PBB (ANTARA News) - Dewan Keamanan PBB sedang menimbang sebuah draft resolusi berisi tekanan kepada Myanmar untuk mengakhiri siklus kekerasan yang telah membuat ratusan ribu warga Rohingya mengungsi.
Rancangan resolusi yang diajukan Inggris dan Prancis itu akan menyeru pemerintah Myanmar untuk segera menghentikan operasi militer dan memastikan para pengungsi Rohingya yang kini menyesaki kamp-kamp di Bangladesh bisa kembali dengan selamat ke negerinya.
Rancangan resolusi setebal enam halaman ini tidak mencantumkan sanksi, namun berisi tuntutan-tuntutan nyata kepada Myanmar. Namun para diplomat menyatakan China akan menentang keras resolusi ini.
"China tidak terlibat," kata seorang diplomat pada Dewan Keamanan PBB meminta namanya tidak disebutkan. "Mereka ingin kita semua bungkam dan tidak melakukan apa-apa menyangkut masalah itu."
China yang merupakan pendukung setiap bekas junta militer Myanmar bersikeras menggunakan saluran pribadinya untuk menyampaikan pesan bahwa kekerasan harus dihentikan dan krisis pengungsi harus diatasi.

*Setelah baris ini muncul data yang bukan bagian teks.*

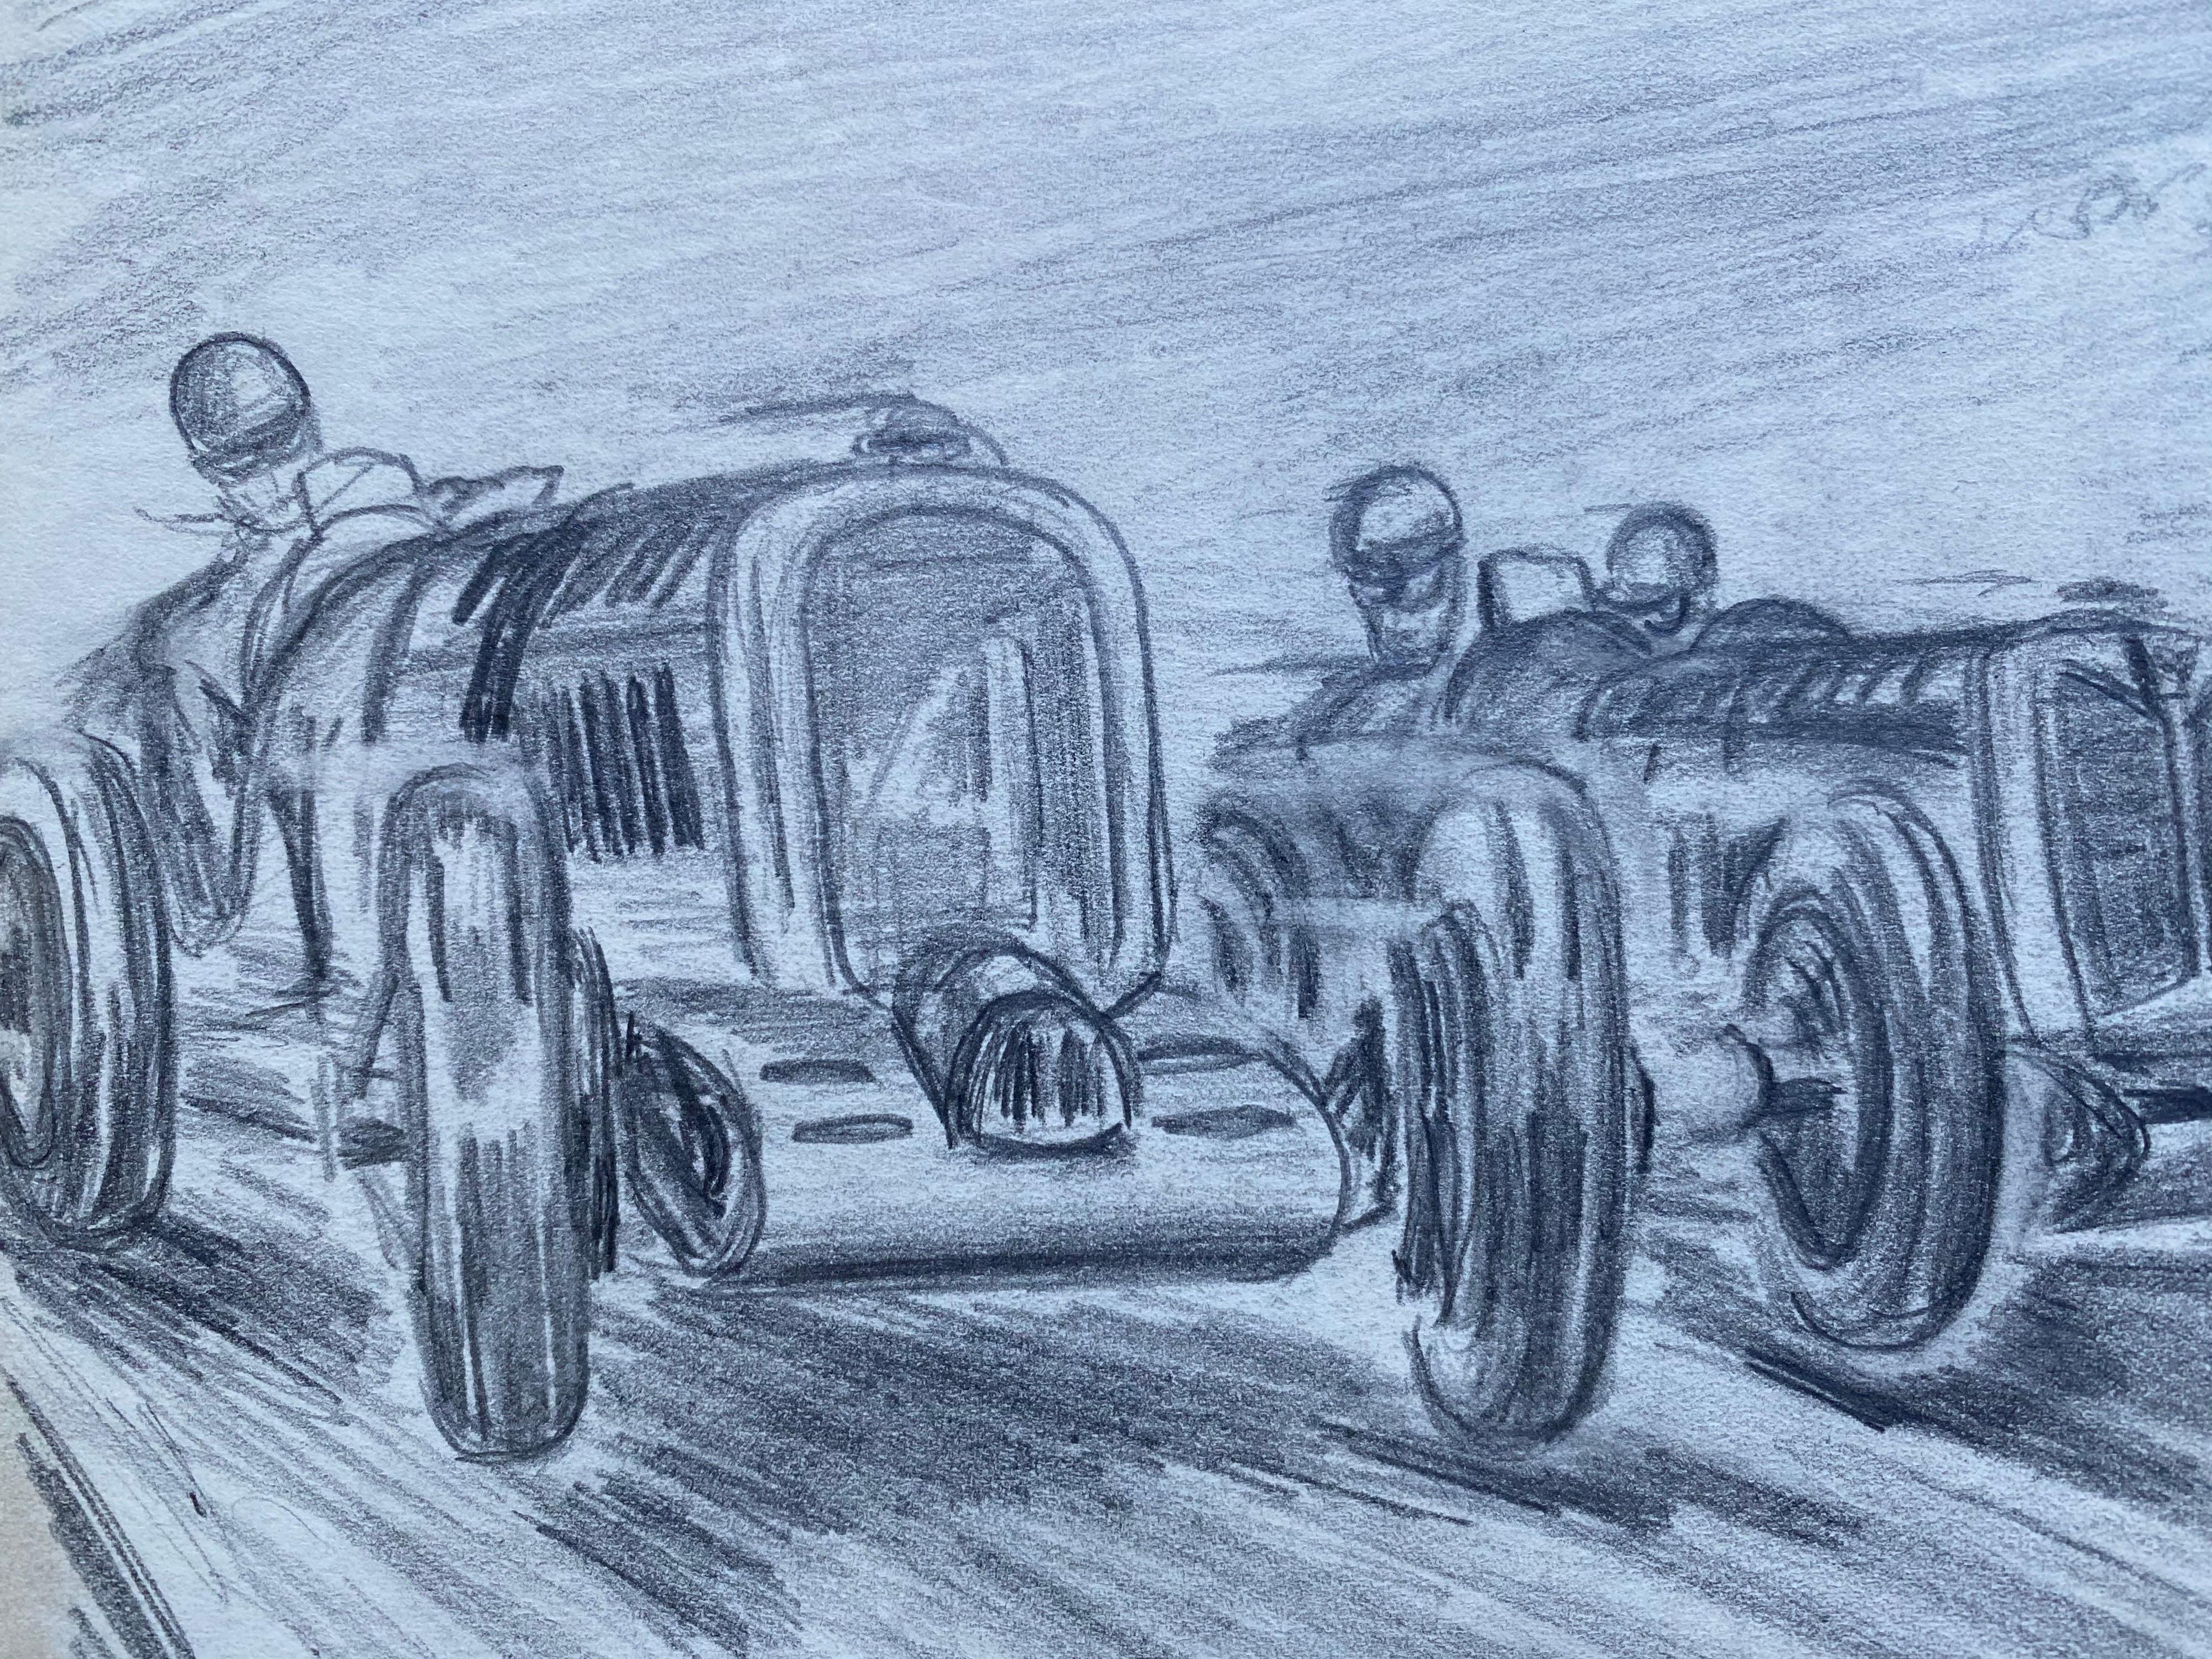 Wonderful original pencil drawing depicting a vintage motor car racing scene from the 1930's. 

The drawing is by -

Rancangan resolusi ini mengutuk kekerasan di Rakhine dan serangan kaum militan Rohingya, selain mengutarakan keprihatinan mendalam bahwa pasukan keamanan Myanmar dan warga Myanmar yang main hakim sendiri bertanggung jawab atas pelanggaran hak asasi manusia dan kekejaman di sana.
Draft ini juga mendesak Myanmar membuka akses untuk para pekerja kemanusiaan untuk masuk Rakhine dan juga berisi desakan agar para penyelidik HAM PBB diberi akses ke Rakhine untuk melaporkan tuduhan kekejaman dan menyerukan penunjukkan penasihat khusus PBB untuk Myanmar.
Draft ini juga berisi desakan kepada Myanmar untuk menerapkan rekomendasi sebuah komisi yang diketuai mantan sekretaris jenderal PBB Kofi Annan yang salah satunya merekomendasikan agar Rohingya mendapatkan hak kewarganegaraan.
1,1 juta penduduk Rohingya selama berpuluh-puluh tahun mendapatkan perlakuan diskriminatif dari Myanmar dan sejak 1982 ditolak status kewarganegaraannya sehingga membuat mereka menjadi manusia tanpa negara.
Di depan komisi HAM pada Majelis Umum PBB, utusan khusus PBB Yanghee Lee menyatakan PBB harus mengadopsi "resolusi yang kuat" guna menghindari ancaman potensial di kawasan ini.
"Krisis di negara bagian Rakhine tidak hanya terjadi selama berpuluh-puluh tahun, terapi juga telah meluber dan terus meluber jauh di luar perbatasan Myanmar," kata Lee. "Sudah lama sekali, masalah ini bukan semata masalah dalam negeri," sambung dia seperti dikutip AFP.